I figure that some of Saint Rick's votes are "go along to get along" votes, which supporters will defend with "everyone was doing it". And as much as I like W, we don't need another "compassionate" conservative ramping up gov't spending in their own little areas of interest - they never stay just in those areas!

Even though I am a social conservative, I am less "legislatively socially conservative" than others who use that moniker. When I am queen of the world, I can be sure that MY gov't is making the right nosy, interfering decisions in stupid people's lives. Until then, I don't trust bureaucrats to make those decisions - for or against. Even at the state level I am getting more wary.
All of that to say, I agree that he will be the scariest to moderates & independents. And scaring them with the R nominee could result in TOTUS through 2016, which terrifies me.

AndrewPrice said...

T-Rav, If you don't start drinking before tonight it will be a miracle. That little town in New Hampshire has already voted their four vote:

Romney 2
Huntsman 2

AndrewPrice said...

rlaWTX, Well said and I agree.

We don't need another Republican increasing spending and government power.

And you're right, when you give the government power, it doesn't just get used for the purposes you intended -- it gets used by whoever gets a hold of it to do whatever they want as well. That's the risk. And I too don't want bureaucrats making decisions about my life.

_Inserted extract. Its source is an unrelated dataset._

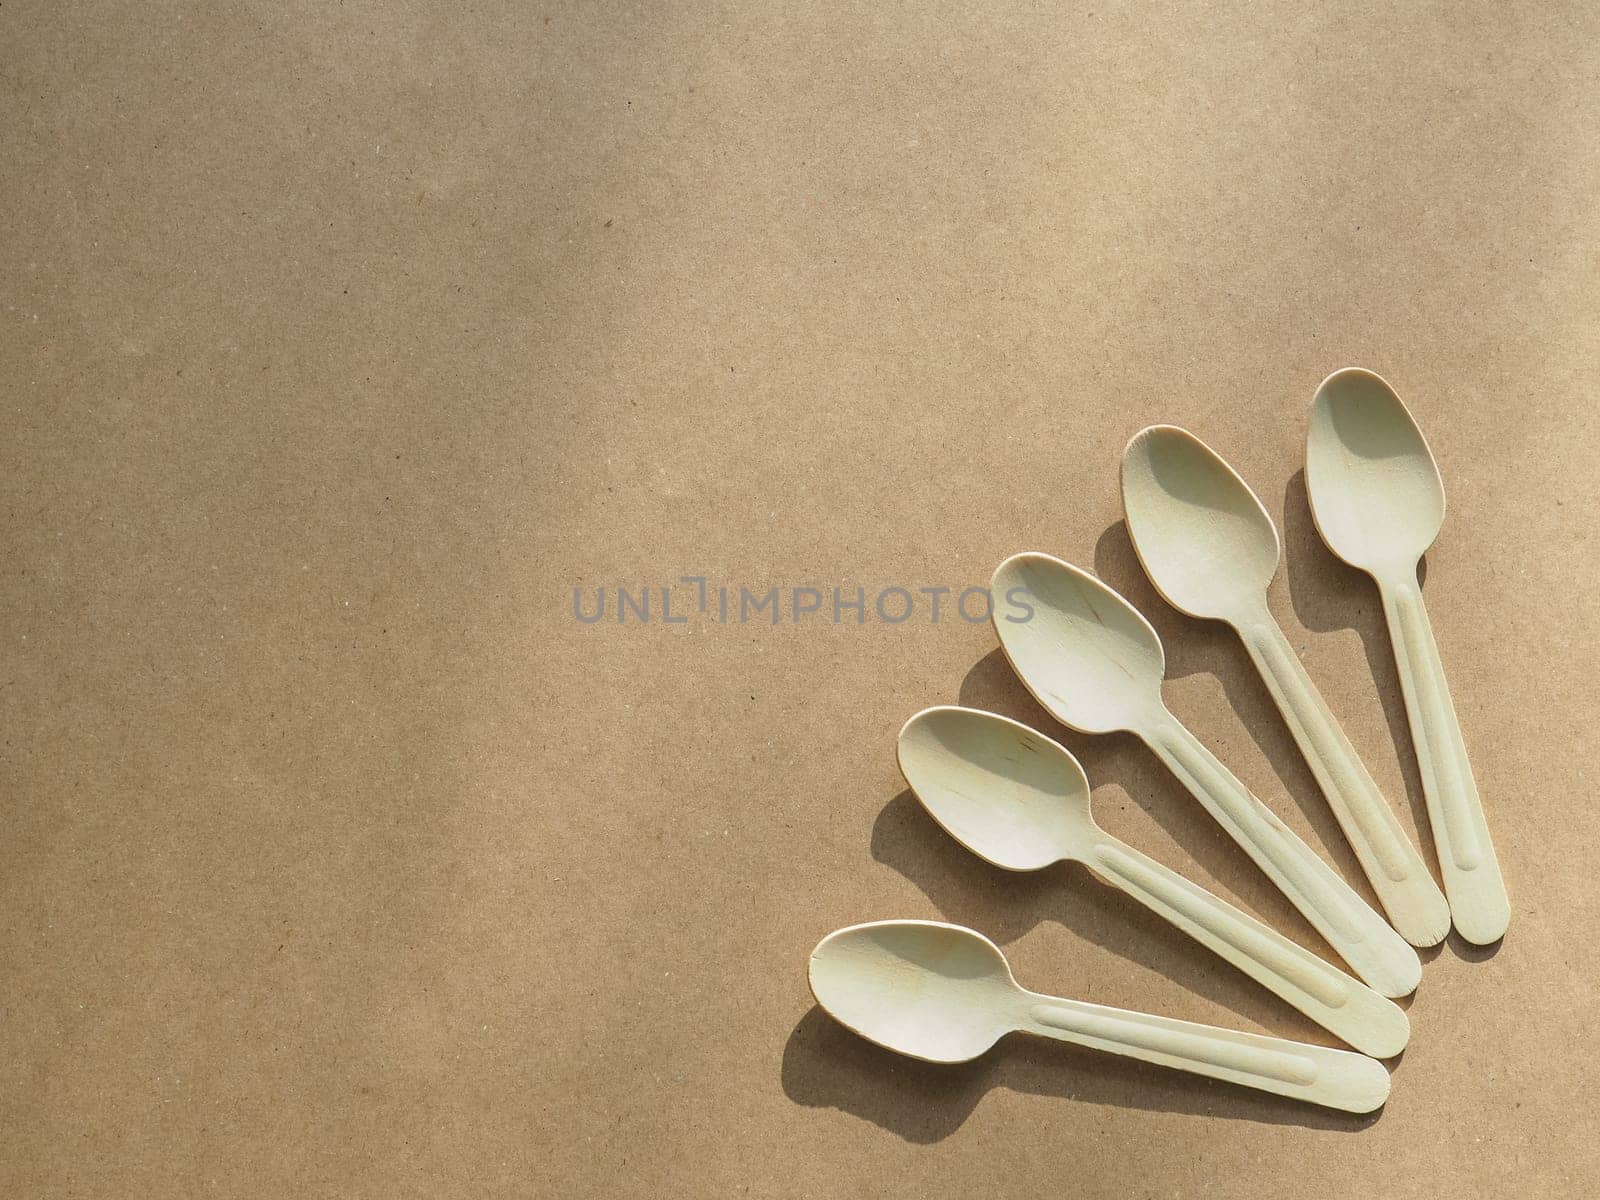 Ecology, zero waste. Wooden, biodegradable fiver forks. Concept of environment preservation and protection. Eco friendly disposable kitchenware utensils on craft paper background. Top view. Copy space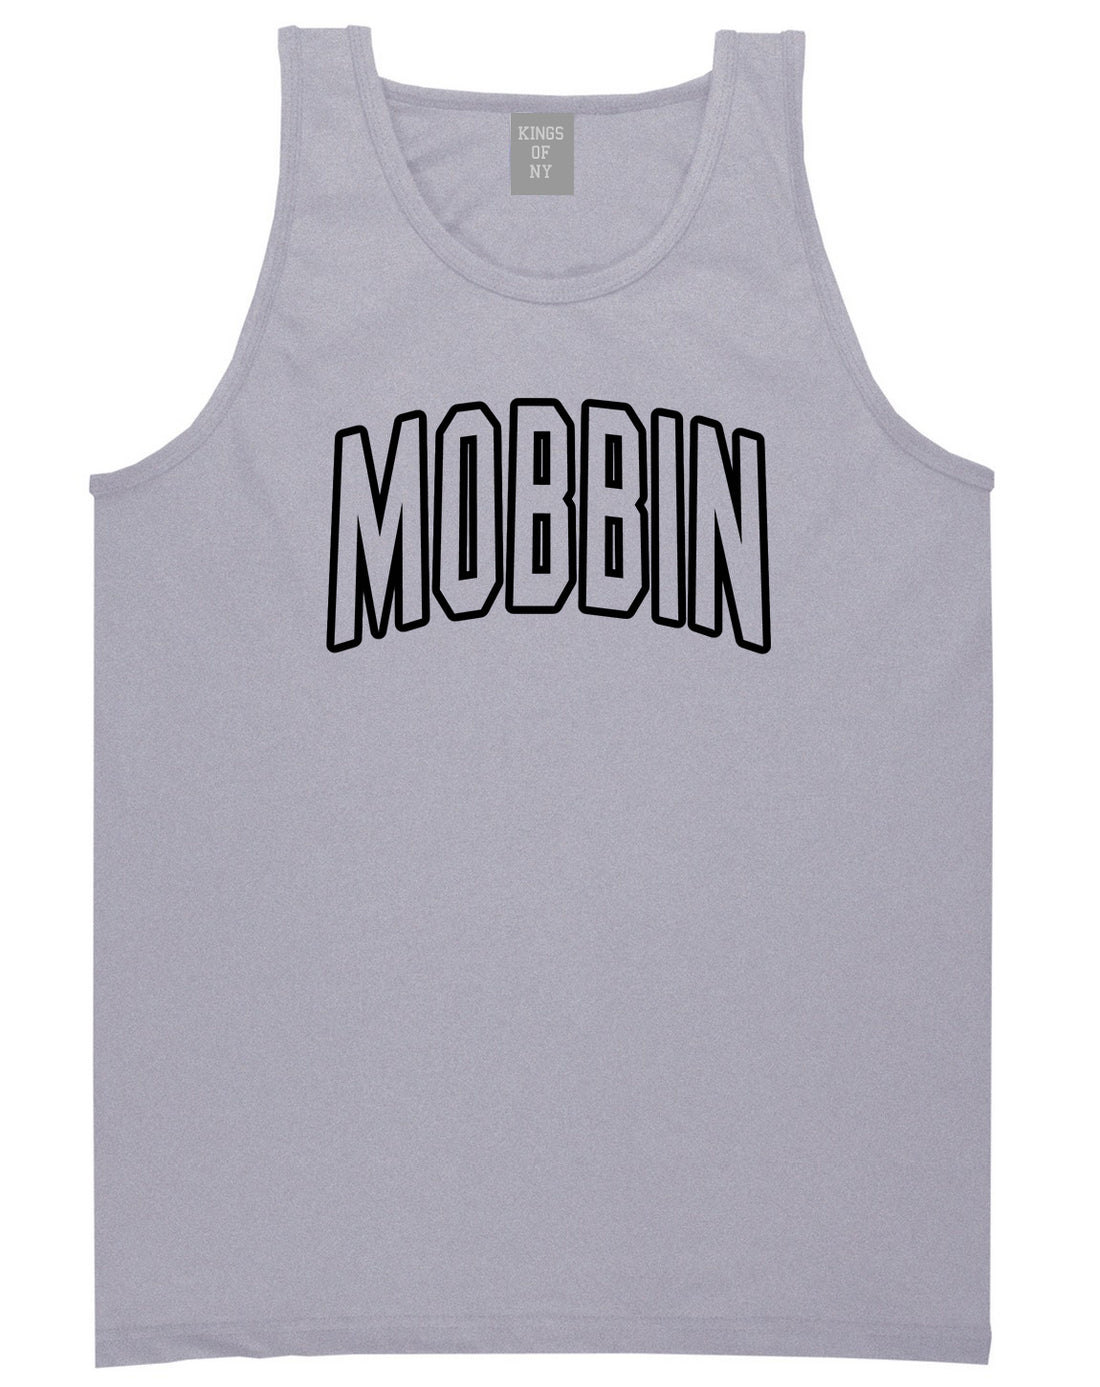 Mobbin Outline Squad Mens Tank Top Shirt Grey by Kings Of NY

On the legislatively aspect, I think the consensus in the country is a split. Thus, they want abortion to be legal, but with strong limits. They have no reason to stop gay marriage, but they don't want it imposed on churches. I'm not sure there is a consensus for more in either direction on either issue -- at least not now. Clearly the consensus can change (as it has on both issues), but right now I think that's where we are. And trying to force a change in either direction through legislation will generate a backlash. The consensus needs to be changed first.

USS Ben USN (Ret) said...

Excellent research Andrew!

I concur. Santorum isn't even much of a social conservative.
He just happens to be socially conservative on a few issues.

BTW, President Reagan wrote a pro-life book which was published before his second election and it didn't bother most folks.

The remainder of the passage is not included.